Von Stefan Fuchs | 02.09.2007
    "Das wichtigste Kennzeichen des olympischen Geistes in Antike wie Moderne ist, dass er eine Religion ist. Der Athlet formt seinen Körper durch Leibesübungen, wie ein Bildhauer eine Statue in Stein meißelt. Der Athlet der Antike ehrte die Götter, der Athlet der Moderne verherrlicht sein Vaterland, seine Rasse, seine Flagge. Ich habe deshalb die Erneuerung des olympischen Geistes von Anfang an mit der Wiederbelebung dieses religiösen Gefühls verbunden, das in der Gegenwart durch den Internationalismus und die Demokratie erweitert und umgeformt wurde, und das dennoch jenes ist, das die jungen Hellenen, die den Triumph durch ihre Muskeln im Sinn hatten, vor die Altäre des Zeus führte."

    Pierre de Coubertin ist am Ende seines Lebenswegs angekommen, als er sich im Vorfeld der Olympischen Spiele von 1936 noch einmal über das Radio zu Wort meldet.

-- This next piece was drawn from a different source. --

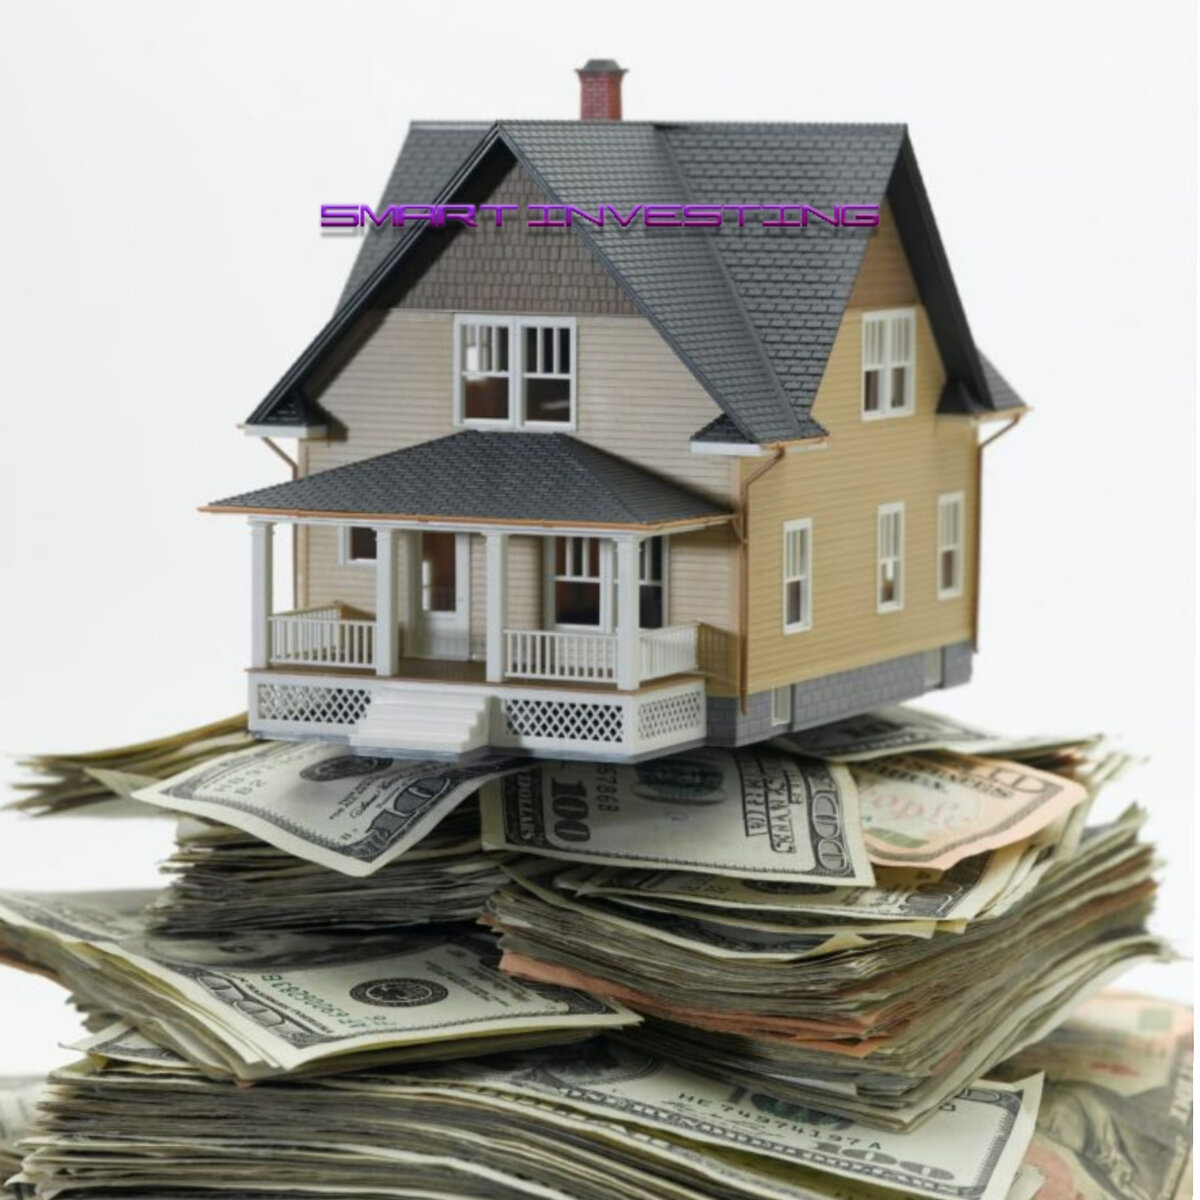 Залог недвижимости дают деньги. Ипотека недвижимость. Залог недвижимости. Вложение в недвижимость. Займ под недвижимость.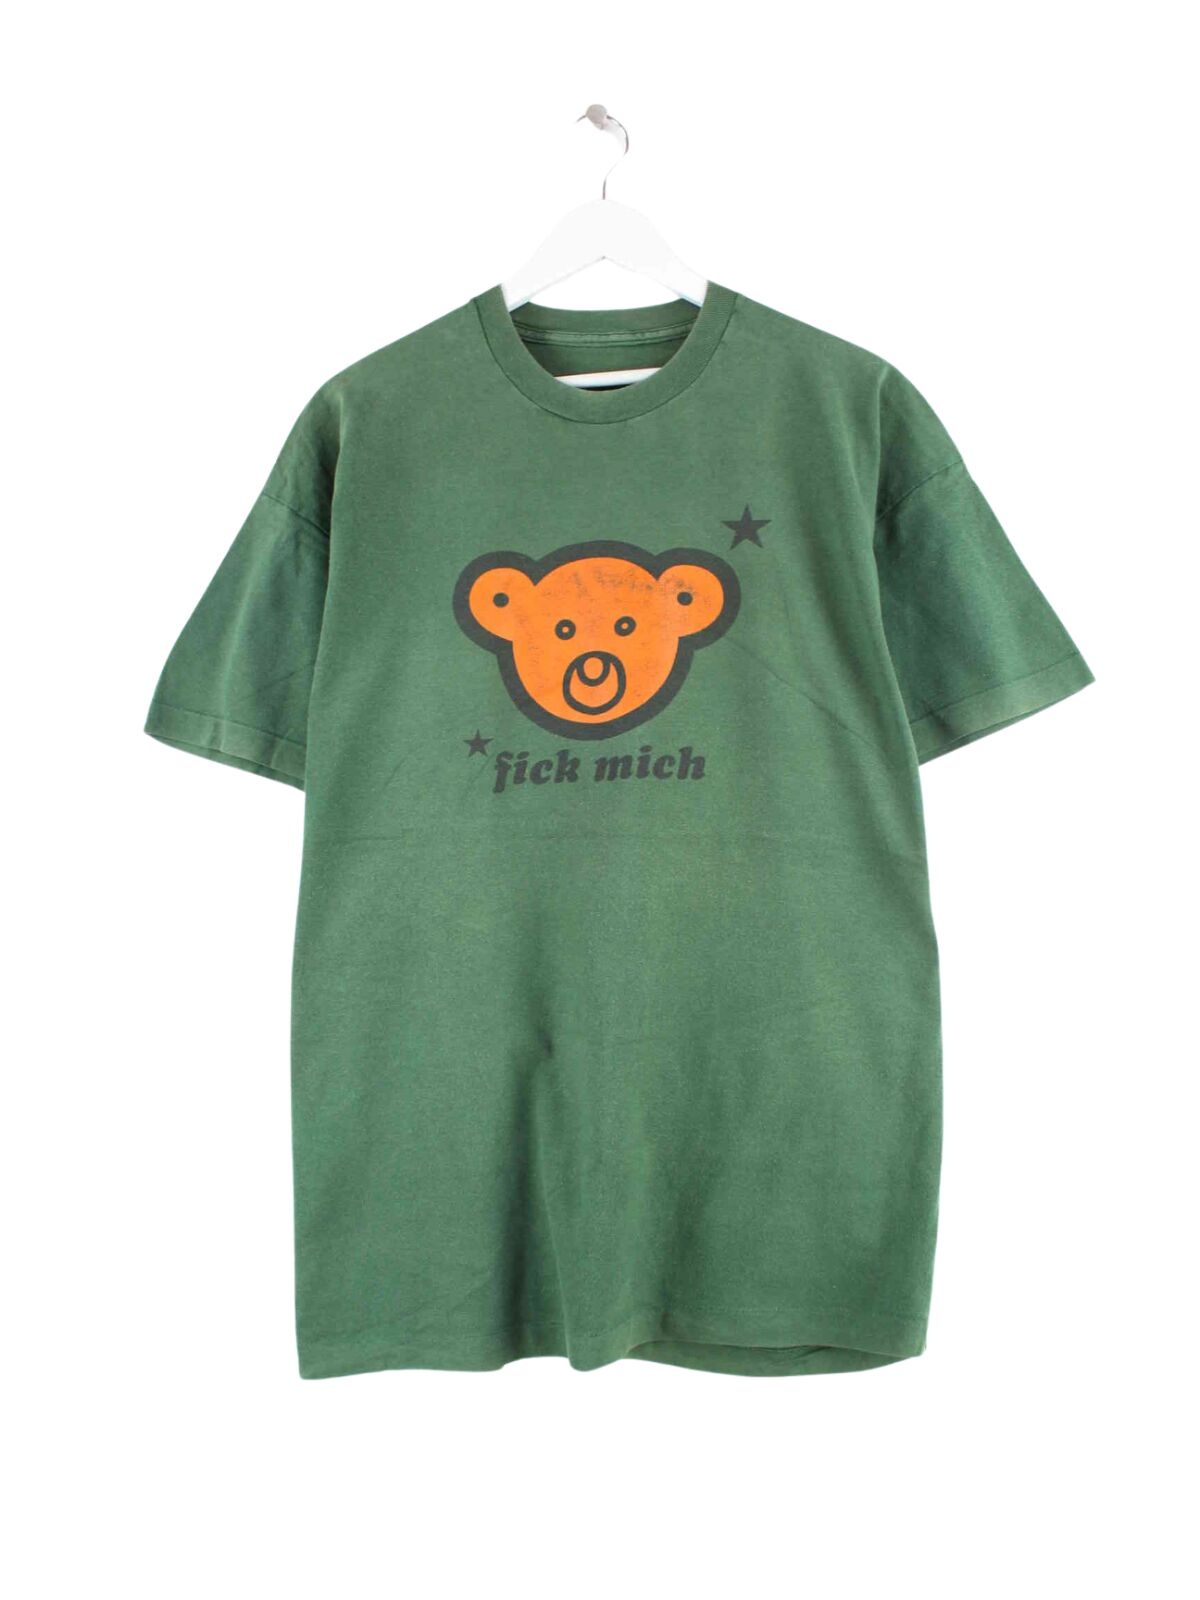 Vintage 90s Funny Teddy Print Single Stitched T-Shirt Grün L (front image)

In Berlin ist Hitler wild entschlossen, die XI. Olympiade zu einem überwältigenden Triumph des Nazi-Regimes zu machen, Beethovens Neunte und die Bildregie einer Leni Riefenstahl inklusive.

    Angesichts der monströsen Inszenierung in der Hauptstadt des Dritten Reiches wirkt Coubertins Vision des olympischen Geistes wie ein verirrtes Bruchstück des Klassizismus im grausamen Licht der Moderne. Eine Befriedung der Welt durch den zur Religion verklärten Sport, die Versöhnung von Körper und Geist im industriellen Zeitalter, am Vorabend des Weltkrieges sind das nur noch ohnmächtige Beschwörungen.

    "Eine willensschwache, stubenhockende Jugend will ich durch den Sport stählen, durch seine Gefahren, ja selbst durch seine Exzesse. Ihren Blick und ihr Verstehen will ich erweitern durch die Begegnung mit den unendlichen Horizonten der Sternen- und Planetenräume, der Geschichte, der Universalgeschichte vor allem. Denn diese wird durch den gegenseitigen Respekt, den sie erzeugt, zum Keim eines wirklichen weltweiten Friedens. Und all dies für alle, ohne Unterschied der Geburt, der sozialen Stellung, des Vermögens, des Berufs."

    Ein Jahr nach der ersten Olympiade, die zum totalen Medienspektakel geworden war, stirbt der Begründer der olympischen Bewegung der Neuzeit am 2. September 1937 verarmt im selbst gewählten Exil in Lausanne. Kurz zuvor scheitert eine Initiative, ihm den Friedensnobelpreis zuzuerkennen. Dass Coubertin sich von Hitlers Nazi-Spielen verführen ließ, hat man ihm in Frankreich nicht verziehen.

    Pierre de Frédy Baron de Coubertin ist ein authentisches Kind des späten 19. Jahrhunderts. 1863 als Sprössling einer aristokratischen Familie in Paris geboren, wird er von der traumatischen Niederlage Frankreichs im preußisch-französischen Krieg geprägt. "Dekadenz" ist das Schlagwort der Konservativen seiner Zeit, die einen moralischen und physischen Niedergang für die militärische Schwäche Frankreichs verantwortlich machen.

    Auf der anderen Seite des Ärmelkanals, bei den "muskulösen Christen" Großbritanniens dagegen, glaubt Coubertin die geeignete Therapie gefunden zu haben. Er besucht Rugby und Eton, lernt dort die unzähligen Ruder- und Fechtclubs kennen, die von den begeisterten Schülern selbst organisiert werden.

    "Ich entdeckte etwas Unerwartetes und Verborgenes, die Pädagogik durch den Sport, ein ganzes System geistiger und sozialer Bildung versteckt im Schulsport."

    Die Wunden, die die Moderne den Menschen schlug, durch die Kraft des Sports zu heilen, wird zur Obsession Pierre Coubertins. Ihr verschreibt er sein Leben, für sie opfert er sein Vermögen. Als ihm 1896 mit den Spielen in Athen die Neubegründung der olympischen Bewegung gelingt, ist das für ihn nur die erste Etappe auf einem langen Weg. Der Aristokrat mit dem ausschweifenden Schnurrbart, der gern selbst das Trikot des Läufers überstreift, befreit sich von den elitären, gelegentlich rassistischen Vorstellungen seiner Herkunft und fordert ein universelles Menschenrecht auf Sport:
    "Nichts ist erreicht, wenn es nur eine Minderheit erreicht. Das Vergnügen des Muskelspiels, das so viel Freude, Kraft, Ruhe und Reinheit spenden kann, muss in allen Erscheinungsformen, die es durch den Fortschritt der modernen Industrie erfahren hat, jetzt auch dem einfachsten Menschen offen stehen. Das ist der wahre, der demokratische Geist Olympias, dessen Grundstein wir heute legen."